IntervalJoinTest.scala
package com.atguigu.chapter05
import com.atguigu.chapter02.Source.Event
import org.apache.flink.streaming.api.functions.co.ProcessJoinFunction
import org.apache.flink.streaming.api.scala._
import org.apache.flink.streaming.api.windowing.time.Time
import org.apache.flink.util.Collector
object IntervalJoinTest {
def main(args: Array[String]): Unit = {
val env: StreamExecutionEnvironment = StreamExecutionEnvironment.getExecutionEnvironment
env.setParallelism(1)
// 订单事件流
val orderStream: DataStream[(String, String, Long)] = env
.fromElements(
("Mary", "order-1", 5000L),
("Alice", "order-2", 5000L),
("Bob", "order-3", 20000L),
("Alice", "order-4", 20000L),
("Cary", "order-5", 51000L)
).assignAscendingTimestamps(_._3)
// 点击事件流
val pvStream: DataStream[Event] = env
.fromElements(
Event("Bob", "./cart", 2000L),
Event("Alice", "./prod?id=100", 3000L),
Event("Alice", "./prod?id=200", 3500L),
Event("Bob", "./prod?id=2", 2500L),
Event("Alice", "./prod?id=300", 36000L),
Event("Bob", "./home", 30000L),
Event("Bob", "./prod?id=1", 23000L),
Event("Bob", "./prod?id=3", 33000L)
).assignAscendingTimestamps(_.timestamp)
// 两条流进行间隔连接,匹配一个订单事件前后一段时间内发生的点击事件
orderStream.keyBy(_._1)
.intervalJoin(pvStream.keyBy(_.user))
.between(Time.seconds(-5),Time.seconds(10))

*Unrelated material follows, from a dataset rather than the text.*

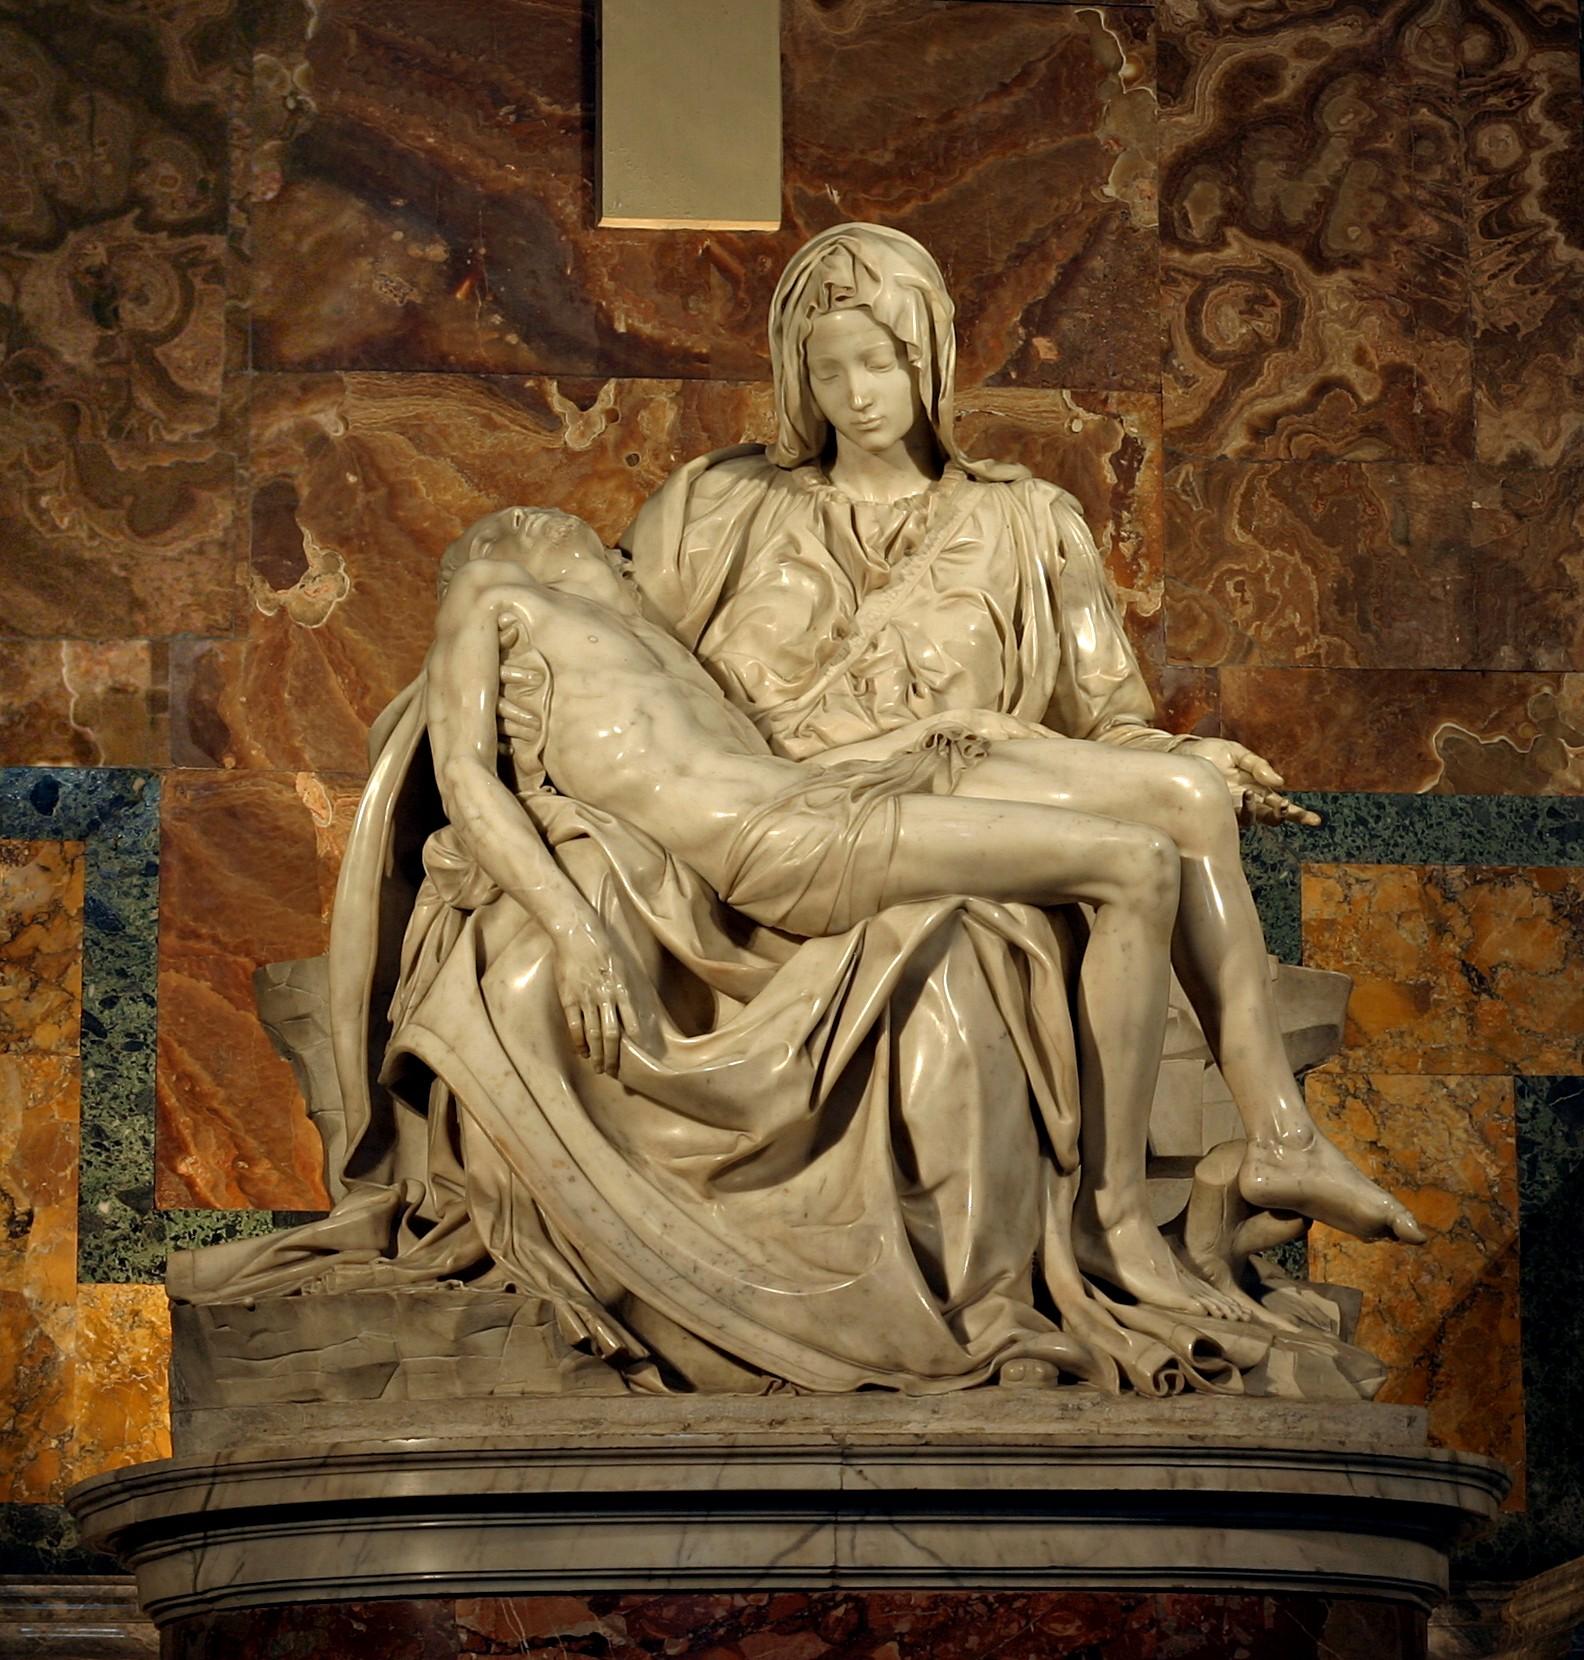 Pieta de Michel-Ange - Basilique du Vatican

.process(new ProcessJoinFunction[(String, String, Long),Event,String] {
override def processElement(left: (String, String, Long), right: Event, ctx: ProcessJoinFunction[(String, String, Long), Event, String]#Context, out: Collector[String]): Unit = {
out.collect(left+"=>"+right)
}
})
.print()
env.execute()
}
}
和窗口连接很象,区别是,CoGroup以整个窗口为一组进行连接
CoGroupTest.scala
package com.atguigu.chapter05
import org.apache.flink.api.common.functions.{CoGroupFunction, JoinFunction}
import org.apache.flink.streaming.api.scala._
import org.apache.flink.streaming.api.windowing.assigners.TumblingEventTimeWindows
import org.apache.flink.streaming.api.windowing.time.Time
import org.apache.flink.util.Collector
import java.lang
object CoGroupTest {
def main(args: Array[String]): Unit = {
val env: StreamExecutionEnvironment = StreamExecutionEnvironment.getExecutionEnvironment
env.setParallelism(1)
val stream1: DataStream[(String, Long)] = env.fromElements(
("a", 1000L),
("b", 1000L),
("a", 2000L),
("a", 2000L)
).assignAscendingTimestamps(_._2)
val stream2: DataStream[(String, Long)] = env.fromElements(
("a", 3000L),
("b", 3000L),
("a", 4000L),
("b", 4000L)
).assignAscendingTimestamps(_._2)
// 窗口同组连接操作
stream1.coGroup(stream2)
.where(_._1)
.equalTo(_._1)
.window(TumblingEventTimeWindows.of(Time.seconds(5)))
.apply(new CoGroupFunction[(String, Long),(String, Long),String] {
override def coGroup(iterable: lang.Iterable[(String, Long)], iterable1: lang.Iterable[(String, Long)], collector: Collector[String]): Unit = {
collector.collect(iterable+"=>"+iterable1)
}
})
.print()
env.execute()
}
}
多流操作基本就这些了.